Evaluating the Individual and Group Outcomes of Individuals Who Participated in Experiential Therapy Activities at a Challenge Course

Julie Anne Laser


Experiential therapy activities are events that the individual participates in that usually push them out of their comfort zone and into a place of self-discovery, confidence-building, self-awareness, and new insights of how to cope with issues in their lives (Laser & Nicotera, 2021; Laser-Maira & Nicotera, 2019). The experiential therapy activity can be a game, an activity, a mental puzzle, time in nature, or a physical challenge (Laser & Nicotera, 2021; Nicotera & Laser-Maira, 2017). Often experiential therapy activities are done as group activities (or sometimes family or couple activities), which take strategy, planning, and cohesion to make them successful (Laser & Nicotera, 2021; Laser-Maira, 2016; Laser-Maira & Nicotera, 2019). Experiential therapy activities transform into experiential therapy during the debrief of the clinical segues of the experiential therapy activity.
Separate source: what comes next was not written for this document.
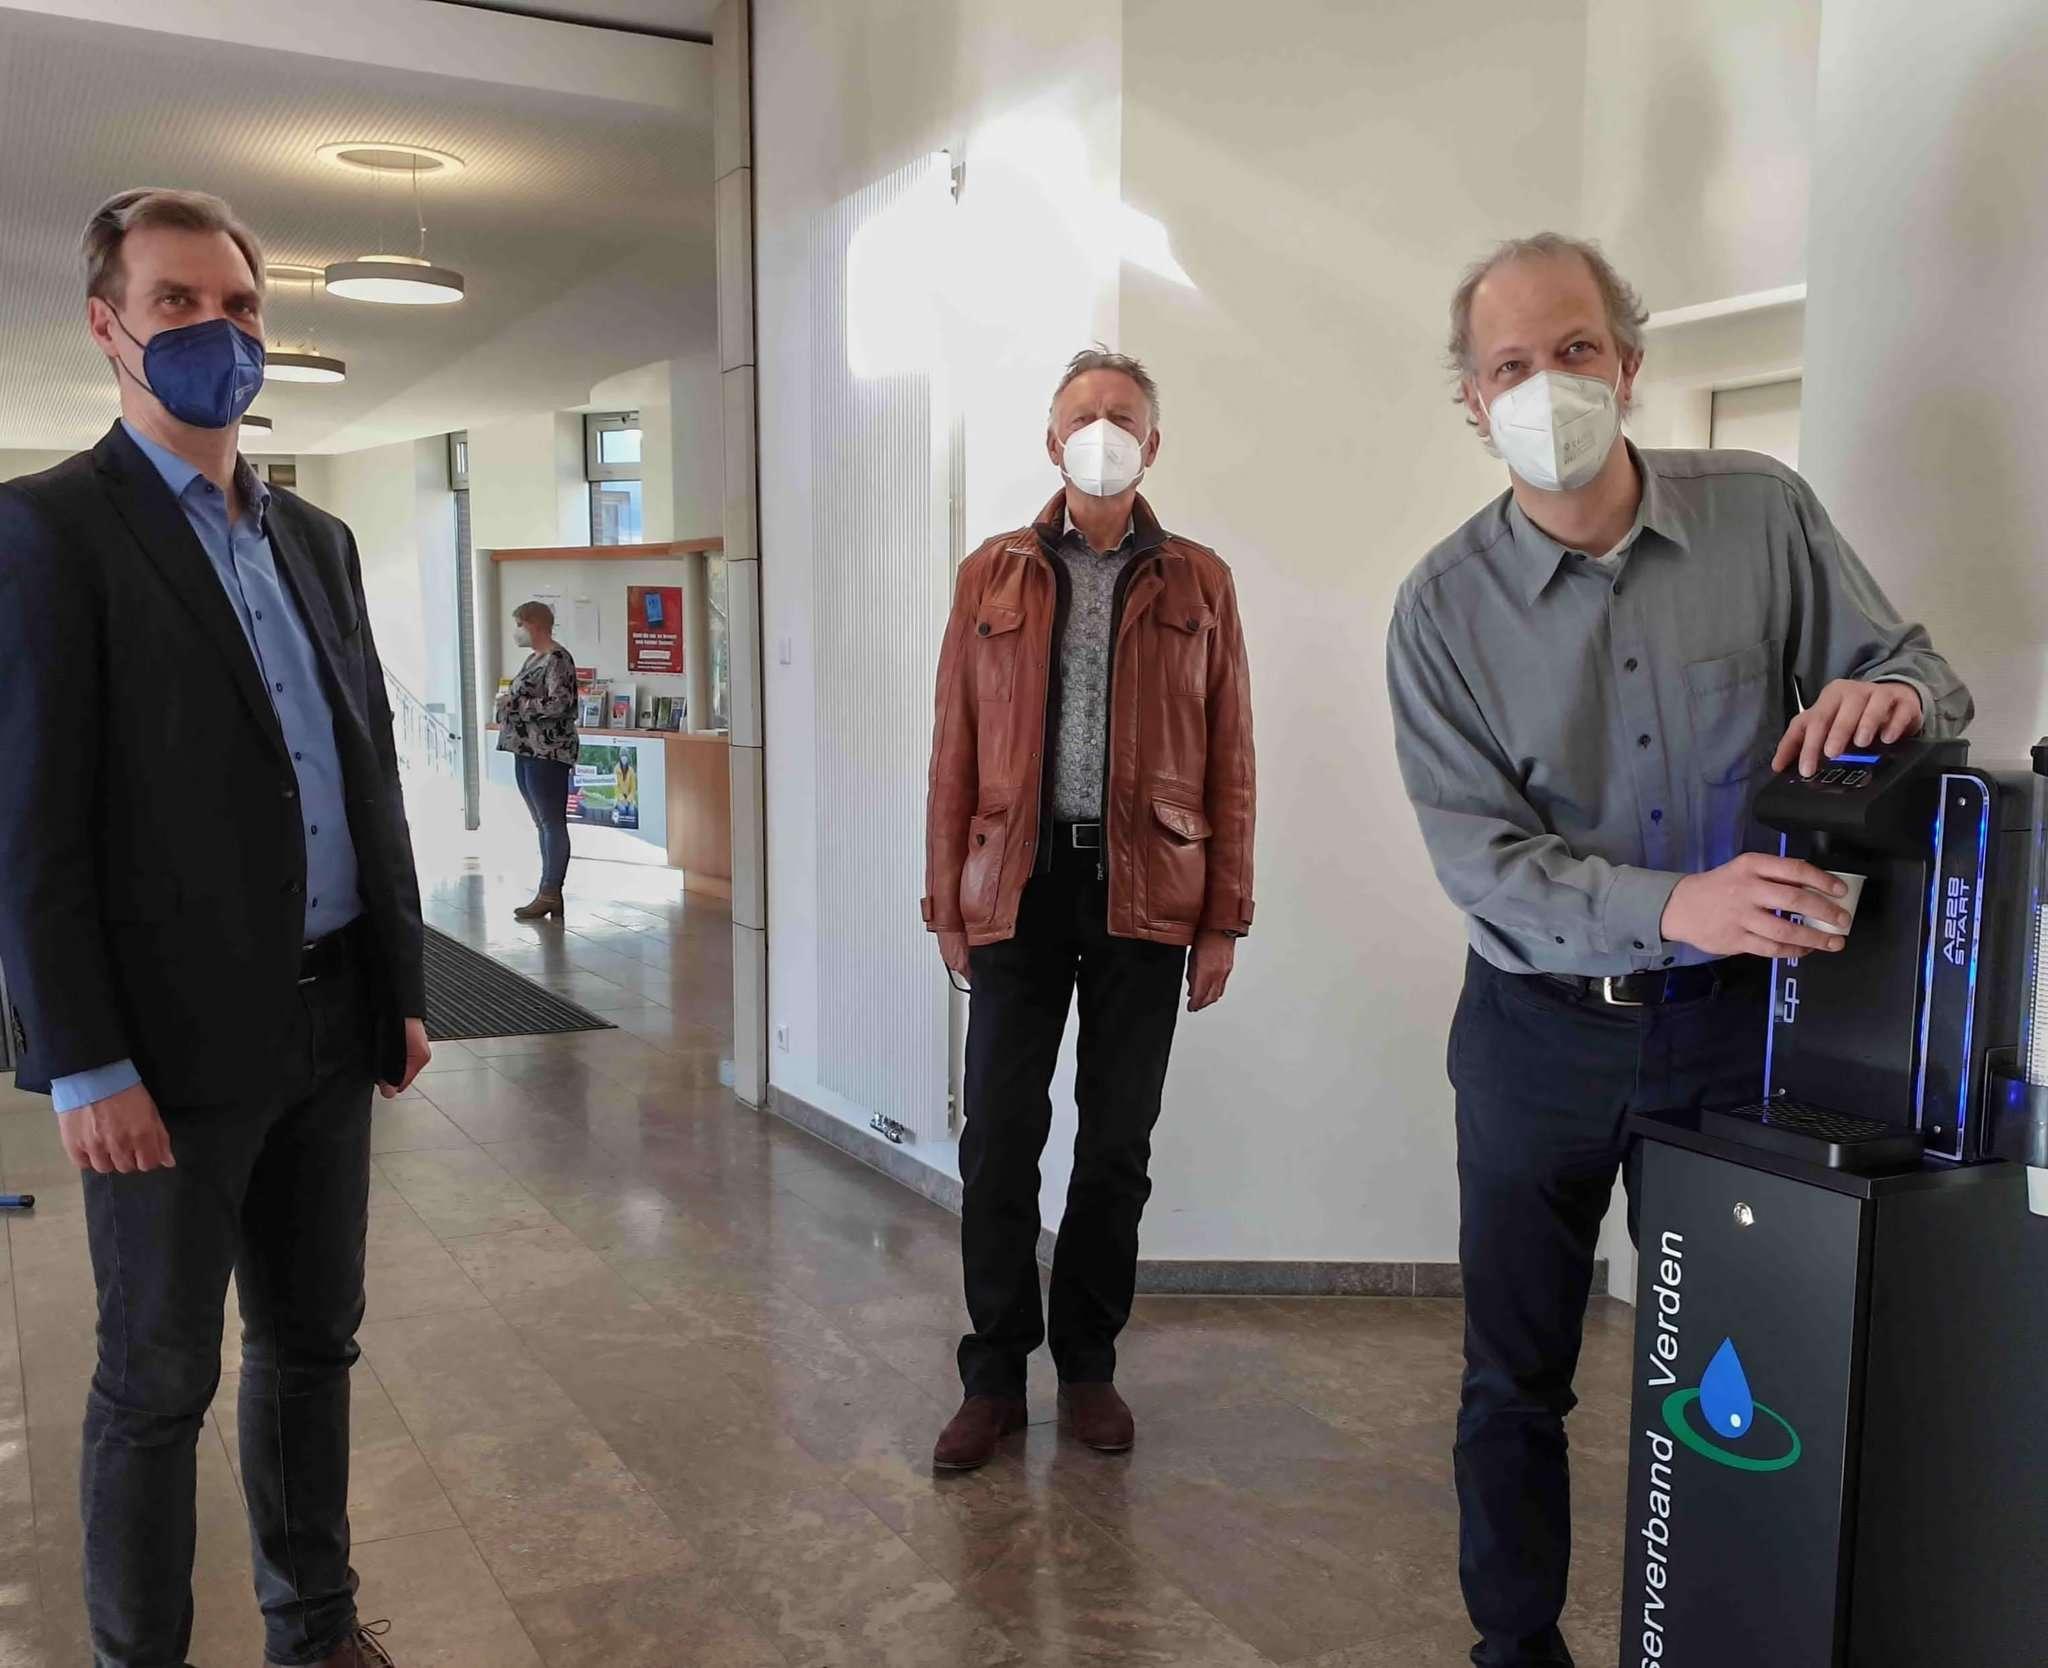 Freuen sich über den neuen Wasserspender im Rathaus: Stefan Hamann (von links), Werner Meinken und Bürgermeister Tim Willy Weber. Foto: Tobias Woelki

The clinical segues shifts the understanding from what just happened to what insights can be learned from the experiential activity about themselves, their lives, their thoughts, and their behaviors. In this research, experiential therapy activities were activities groups participated in at an all-day (8 hour) Challenge Course. The results underscore the profound influence Challenge Courses have on its individual participants and group dynamics. In each outcome: problem solving skills, decision-making skills, cooperation skills, communication skills, self-awareness, enjoyment of the activities and the participant’s likelihood to return to the Challenge Course and to recommend it to others, participants overwhelmingly found positive changes in multiple aspects of their lives.